**Exercise aim**
The copy has to match the data exactly and leave out every picture.

**Information provided**
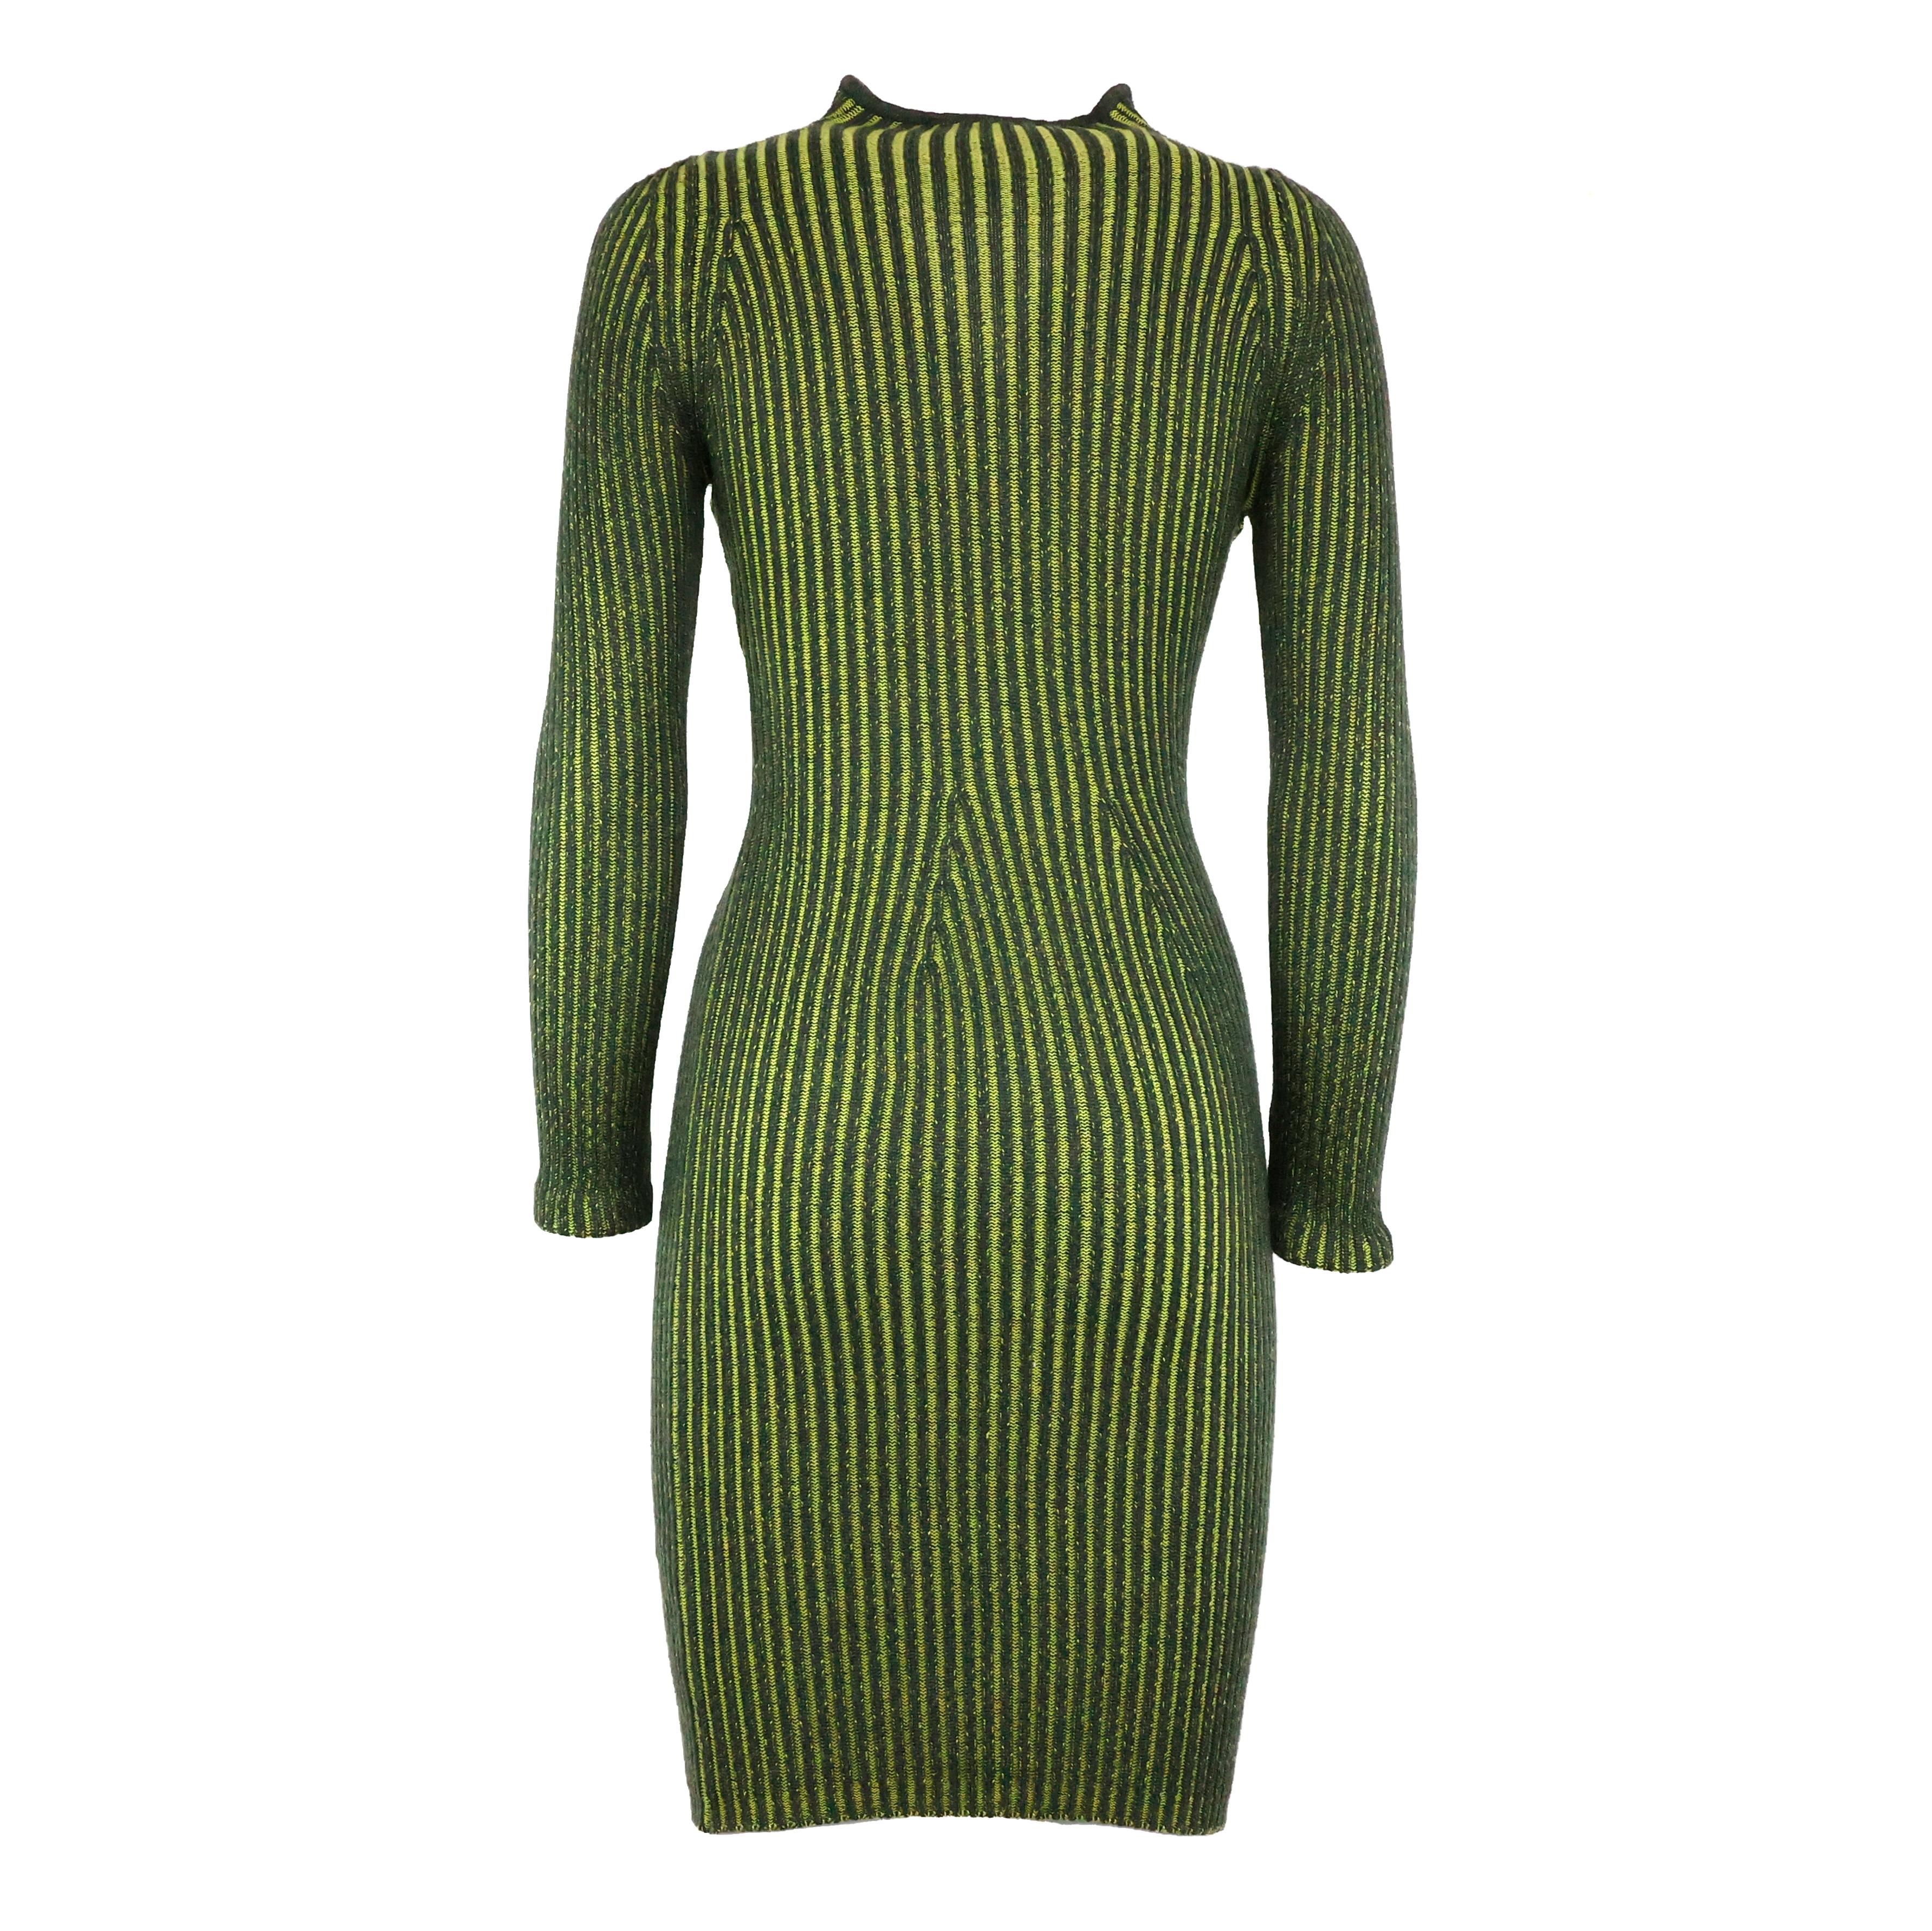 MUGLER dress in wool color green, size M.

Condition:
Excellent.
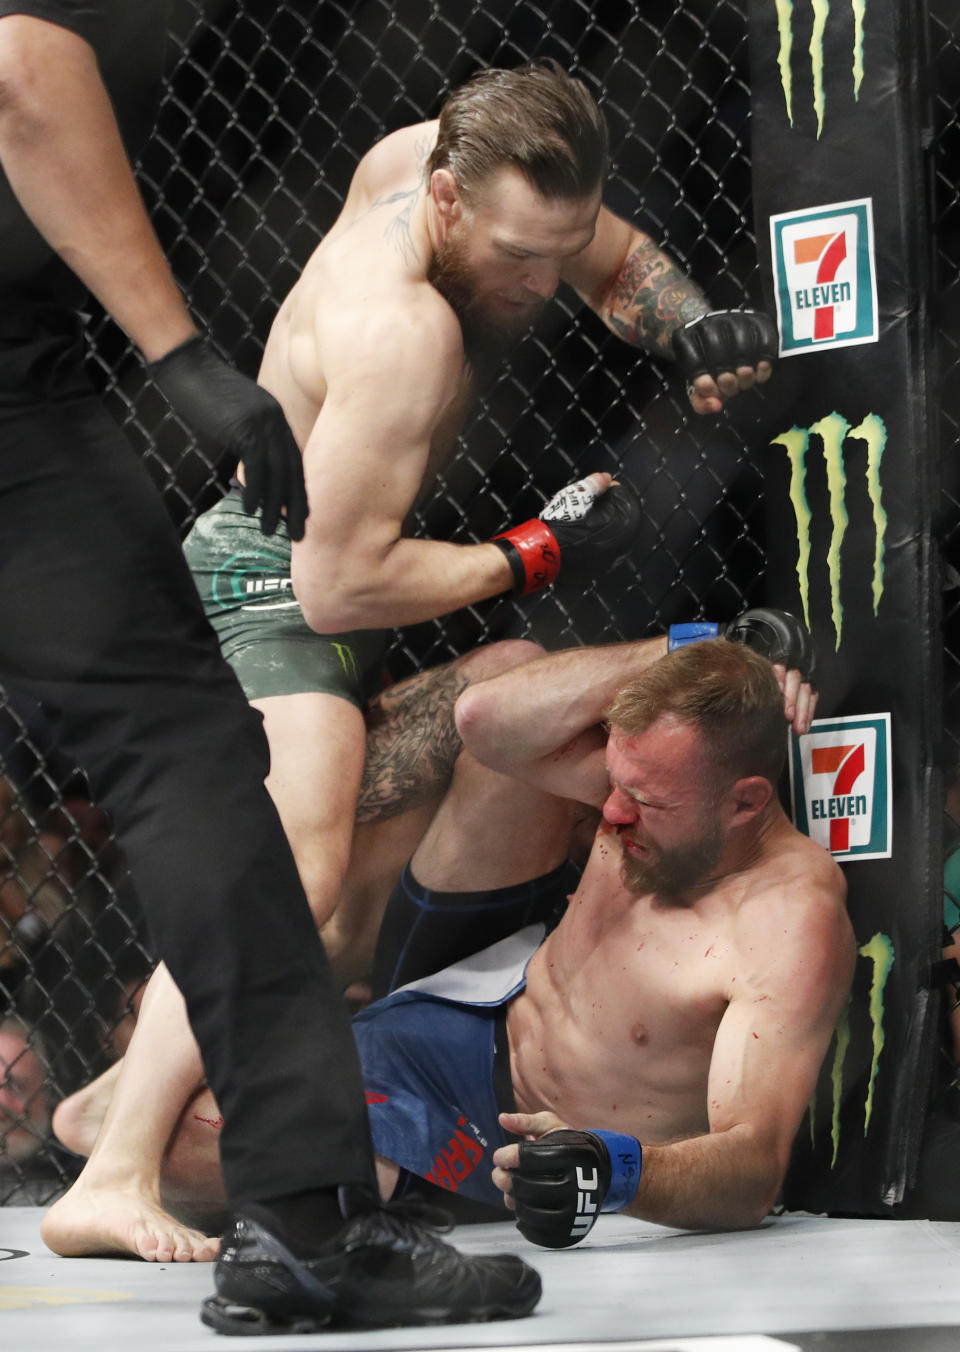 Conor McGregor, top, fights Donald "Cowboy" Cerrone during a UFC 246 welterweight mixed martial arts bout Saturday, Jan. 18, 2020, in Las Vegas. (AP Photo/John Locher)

**Solution to this exercise**
 MUGLER dress in wool color green, size M.

Condition:
Excellent.
 Conor McGregor, top, fights Donald "Cowboy" Cerrone during a UFC 246 welterweight mixed martial arts bout Saturday, Jan. 18, 2020, in Las Vegas. (AP Photo/John Locher)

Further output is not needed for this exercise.